- Abbreviation: BA BeA
- Parliamentary group leader: Gaik Vartanean
- Founder: Ion Ceban Alexandr Stoianoglo Ion Chicu Mark Tkachuk
- Founded: 31 January 2025
- Ideology: Social democracy; Anti-corruption; Disputed:; Pro-Europeanism;
- Political position: Centre to centre-left
- Continental affiliation: Unified European Left Group
- Member parties: PDCM
- Colours: Green
- Parliament: 7 / 101
- District presidents: 3 / 32

Website
- https://bloculalternativa.md/

= Alternative (political bloc) =

Alternative (Blocul politic „Alternativa” or Blocul electoral „Alternativa”, lit. '"Alternative" political bloc' or Alternative" electoral bloc', BA or BeA) is a political alliance in Moldova founded in 2025 by incumbent Mayor of Chișinău Ion Ceban, 2024 presidential candidate Alexandr Stoianoglo, former Prime Minister Ion Chicu, and former MP Mark Tkachuk. On 10 April 2026, one of its members, the National Alternative Movement (MAN), withdrew from the bloc, followed by the Common Action Party – Civil Congress (PAC–CC) on 15 April.

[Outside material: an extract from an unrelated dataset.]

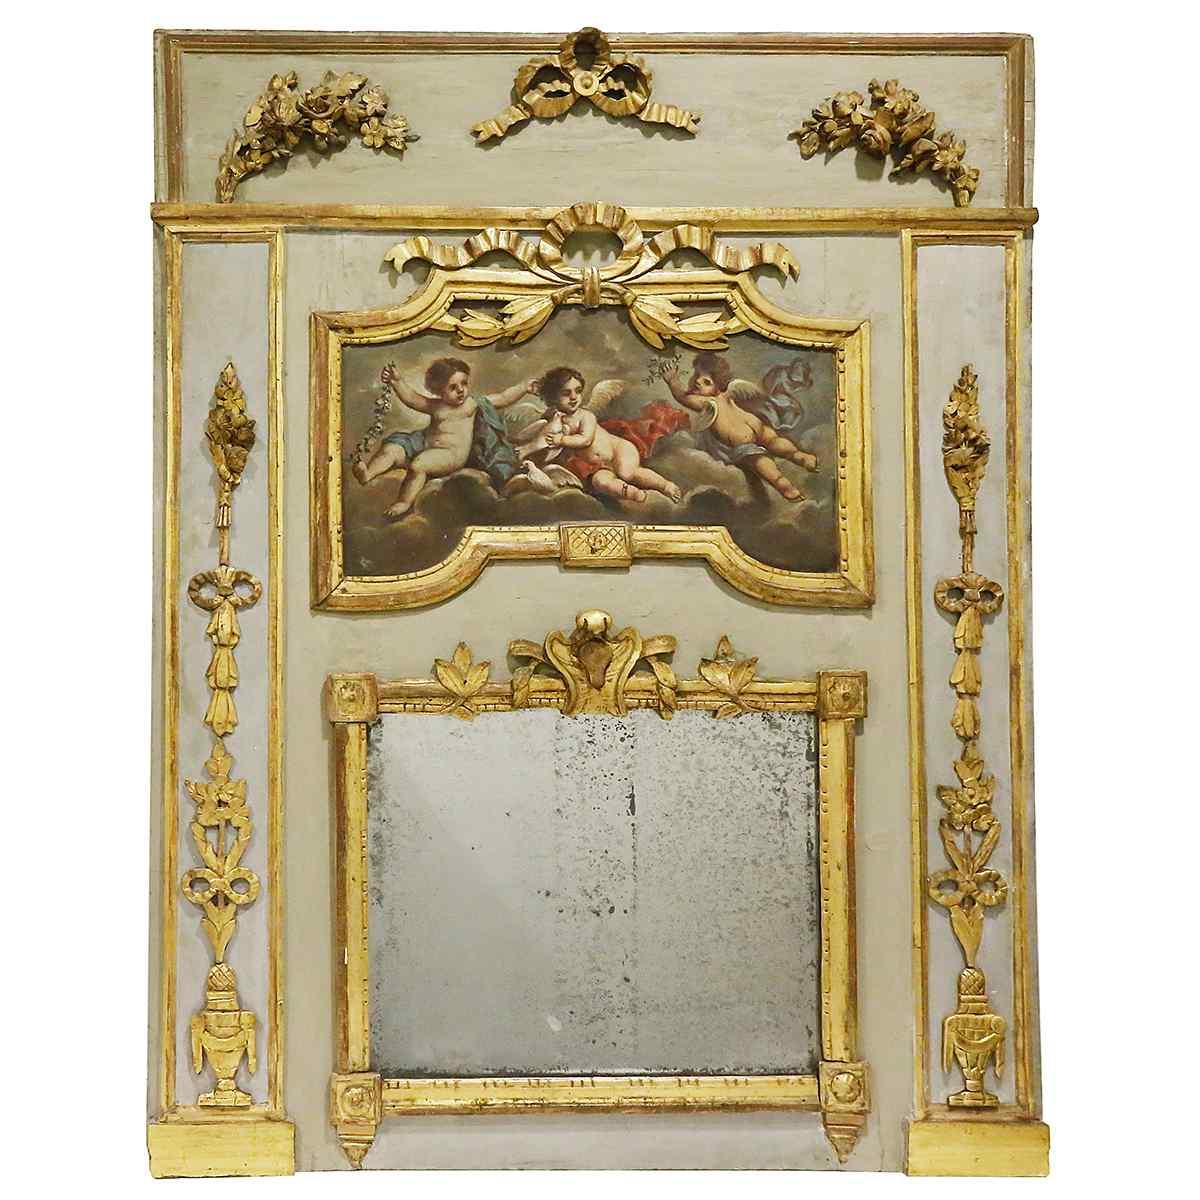 Un miroir trumeau du 18ème siècle

The alliance presented itself as pro-European and claimed to consider European integration to be a major objective for Moldova. Its real commitment to pro-Europeanism has been disputed, with TVP World stating that the bloc was regarded by the European Union (EU) and the ruling Party of Action and Solidarity (PAS) in Moldova as a "Trojan horse" designed to stall Moldova's accession talks to the EU "from within". The Carnegie Endowment for International Peace described these accusations as a campaign tactic from PAS, which would have sought to present itself as the single viable pro-European force.

== Member parties ==
The members of the bloc initially were the National Alternative Movement (MAN), the Party of Development and Consolidation of Moldova (PDCM), and the Common Action Party – Civil Congress (PAC–CC), as well as a number of independent politicians. However, on 10 April 2026, MAN leader, Ion Ceban, has announced the party's departure from the bloc, while remaining in the bloc's faction in the Parliament of Moldova. At a time shortly after the bloc's founding, the PDCM was the bloc member with the most developed party network in Moldova of the three, having for instance obtained over 5% of votes in local and district councils at the 2023 local elections in comparison to MAN which obtained under 2% and the PAC–CC which obtained even less.

| Party |  | Abbr. | Leader | Ideology | Position | List seats | Elected MPs |
|---|---|---|---|---|---|---|---|
|  | Party of Development and Consolidation of Moldova | PDCM | Ion Chicu | Christian democracy | Centre to centre-right | 32 / 106 | 2 / 8 |
|  | Independents | Ind. | Alexandr Stoianoglo | Nonpartisan |  | 9 / 106 | 2 / 8 |

== Former members ==

| Party |  | Abbr. | Leader | Ideology | Position | List seats | Elected MPs | Member until |
|---|---|---|---|---|---|---|---|---|
|  | National Alternative Movement | MAN | Ion Ceban | Social democracy | Centre-left | 55 / 106 | 3 / 8 | 10 April 2026 |
|  | Common Action Party – Civil Congress | PAC–CC | Mark Tkachuk Iurie Muntean | Democratic socialism | Left-wing | 10 / 106 | 1 / 8 | 15 April 2026 |

== Positions ==

According to its leaders, the four pillars of the bloc's political program are pro-Europeanism, economic liberalisation, neutrality, and national reunification. Despite its economic liberalism, it also supports strong social welfare programs, specifically in support of families, the elderly, children, and people with autism or ADHD. Additionally, the bloc advocates for sustainable development and environmental sustainability.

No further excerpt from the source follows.